1. ## Optimization Problem

6. The base of a rectangle lies along the x axis, and the upper two vertices are on the curve defined by y = kx - x^2. Determine the dimensions of the rectangle with the maximum area.

I started off with setting up the formula $\displaystyle A = 2lw = 2xy$ and the constraint $\displaystyle y = kx - x^2$. After subbing $\displaystyle y = kx - x^2$ into $\displaystyle A$, I found the derivative of $\displaystyle A$ and solved for $\displaystyle x$, which turned out to be $\displaystyle 2/3k$. I then subbed $\displaystyle x$ into $\displaystyle y = kx - x^2$, which gave me a $\displaystyle y$ value of $\displaystyle 2k^2/9$, and subsequently I found the maximum area to be $\displaystyle 8k^3/27$.

The problem is that after I double checked my diagram, I found that it was inconsistent with the actual equation. Namely, it did not account for the fact that when x = 0, y = 0, and thus it had a large gap in the center.

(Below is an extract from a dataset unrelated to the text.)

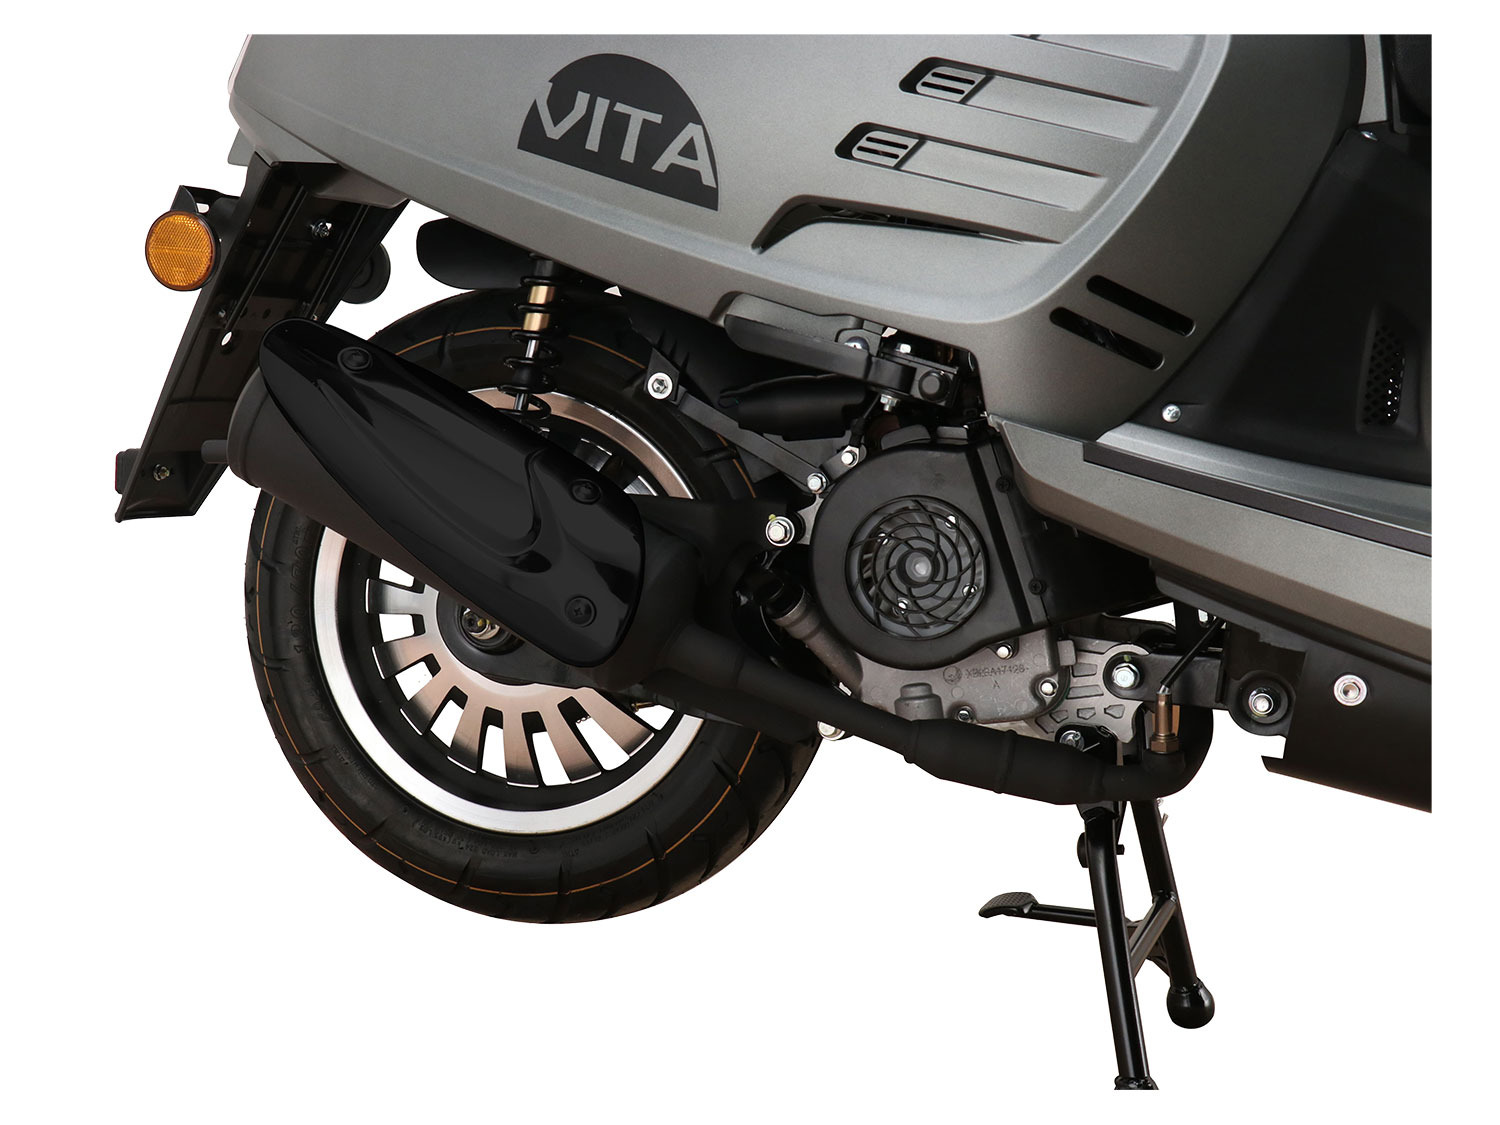 Vita Alpha LIDL EURO5 125ccm | Mofaroller Motors

So my question is this: Did I set up my equations correctly? Is my parabola supposed to look something like http://jwilson.coe.uga.edu/emt668/EM...s/image007.jpg or something like http://xsquared.wikispaces.com/file/...l_parabola.jpg (but moved to the right a bit more)?

2. Originally Posted by RogueDemon
6. The base of a rectangle lies along the x axis, and the upper two vertices are on the curve defined by y = kx - x^2. Determine the dimensions of the rectangle with the maximum area.

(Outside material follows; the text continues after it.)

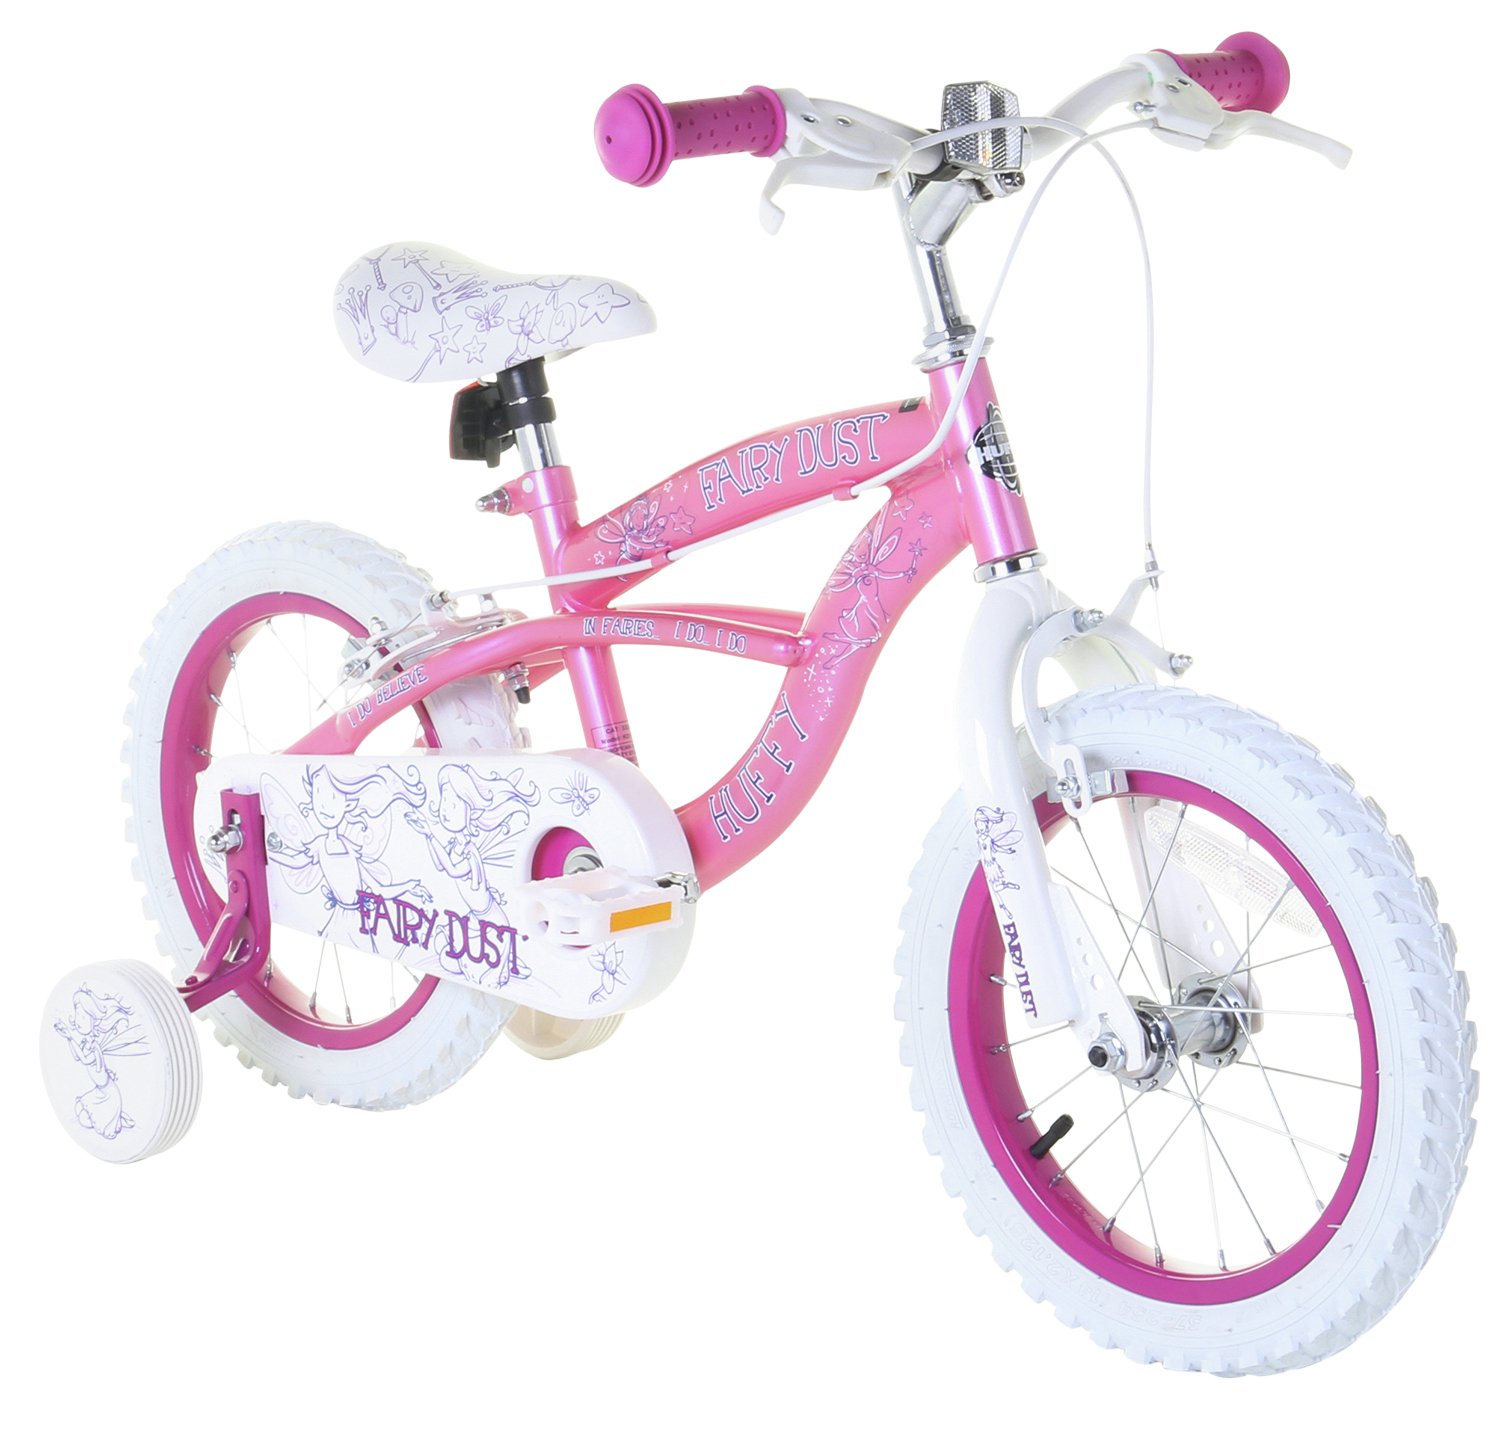 14 inch wheel kids bike

I started off with setting up the formula $\displaystyle A = 2lw = 2xy$ and the constraint $\displaystyle y = kx - x^2$. After subbing $\displaystyle y = kx - x^2$ into $\displaystyle A$, I found the derivative of $\displaystyle A$ and solved for $\displaystyle x$, which turned out to be $\displaystyle 2/3k$. I then subbed $\displaystyle x$ into $\displaystyle y = kx - x^2$, which gave me a $\displaystyle y$ value of $\displaystyle 2k^2/9$, and subsequently I found the maximum area to be $\displaystyle 8k^3/27$.

The problem is that after I double checked my diagram, I found that it was inconsistent with the actual equation. Namely, it did not account for the fact that when x = 0, y = 0, and thus it had a large gap in the center.

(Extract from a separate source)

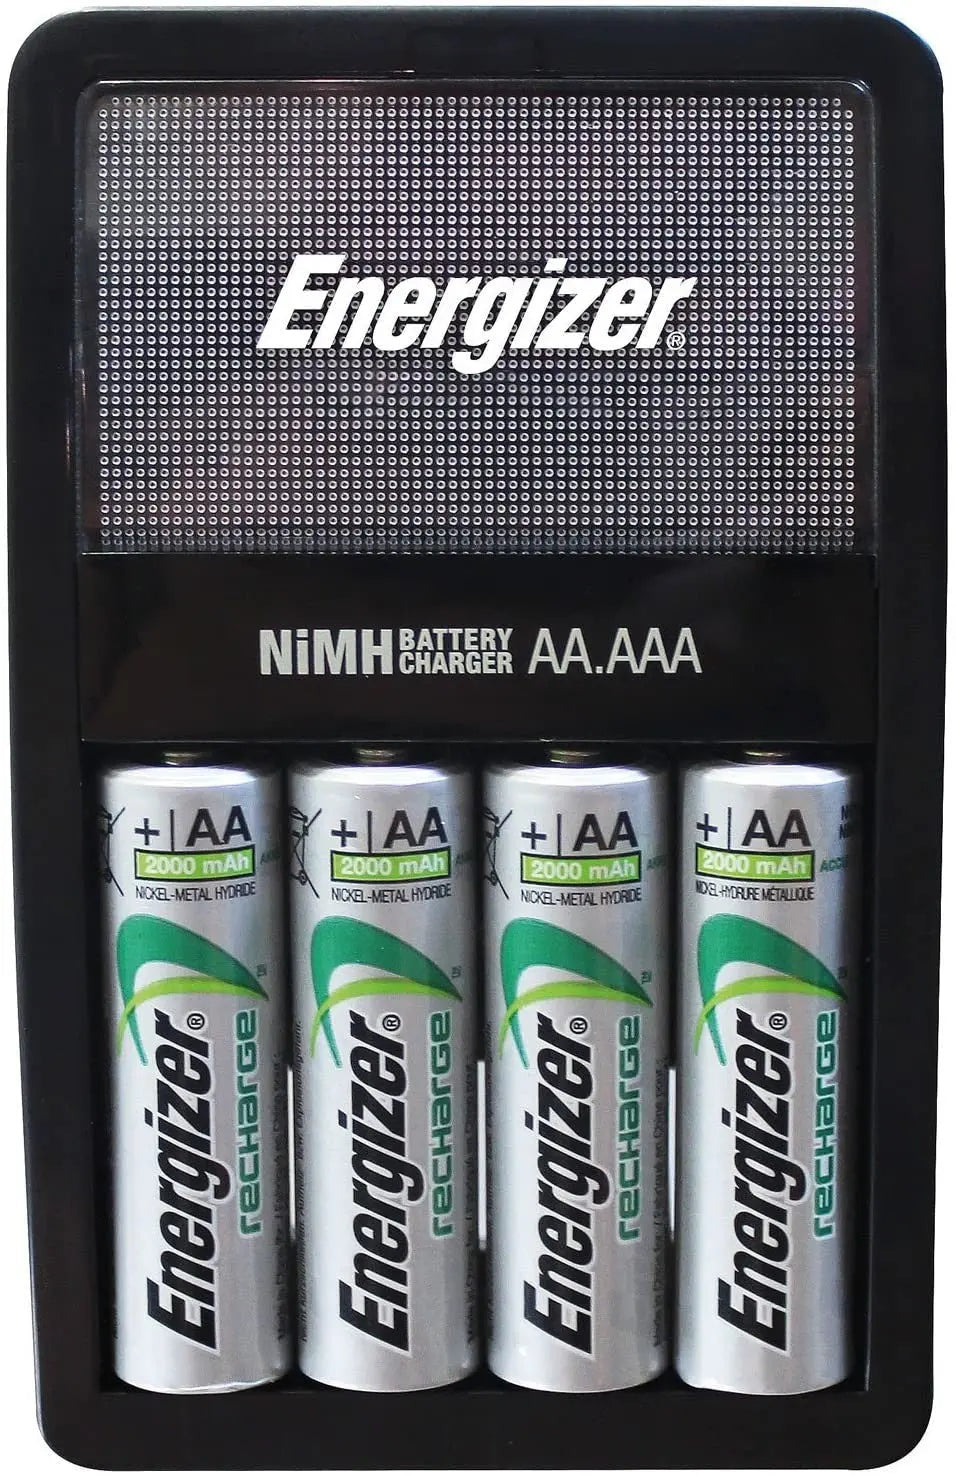 Chargeur de Piles AA / AAA avec 4 Piles AA Rechargeables

So my question is this: Did I set up my equations correctly? Is my parabola supposed to look something like http://jwilson.coe.uga.edu/emt668/EM...s/image007.jpg or something like http://xsquared.wikispaces.com/file/...l_parabola.jpg (but moved to the right a bit more)?
w/o loss of generality, let $\displaystyle k > 0$

$\displaystyle y = kx - x^2$ is a parabola that opens downward w/ x-intercepts at $\displaystyle x = 0$ and $\displaystyle x = k$

base of inscribed rectangle = $\displaystyle k - 2x$ , $\displaystyle 0 < x < \dfrac{k}{2}$

height of inscribed rectangle = $\displaystyle kx - x^2$

$\displaystyle A = (k-2x)(kx-x^2)$

$\displaystyle A = 2x^3 - 3kx^2 + k^2 x$

$\displaystyle \dfrac{dA}{dx} = 6x^2 - 6kx + k^2 = 0$

$\displaystyle x = \dfrac{k(3 - \sqrt{3})}{6}$

max area = $\displaystyle \dfrac{k^3 \sqrt{3}}{18}$

3. Exactly what I needed! Thanks.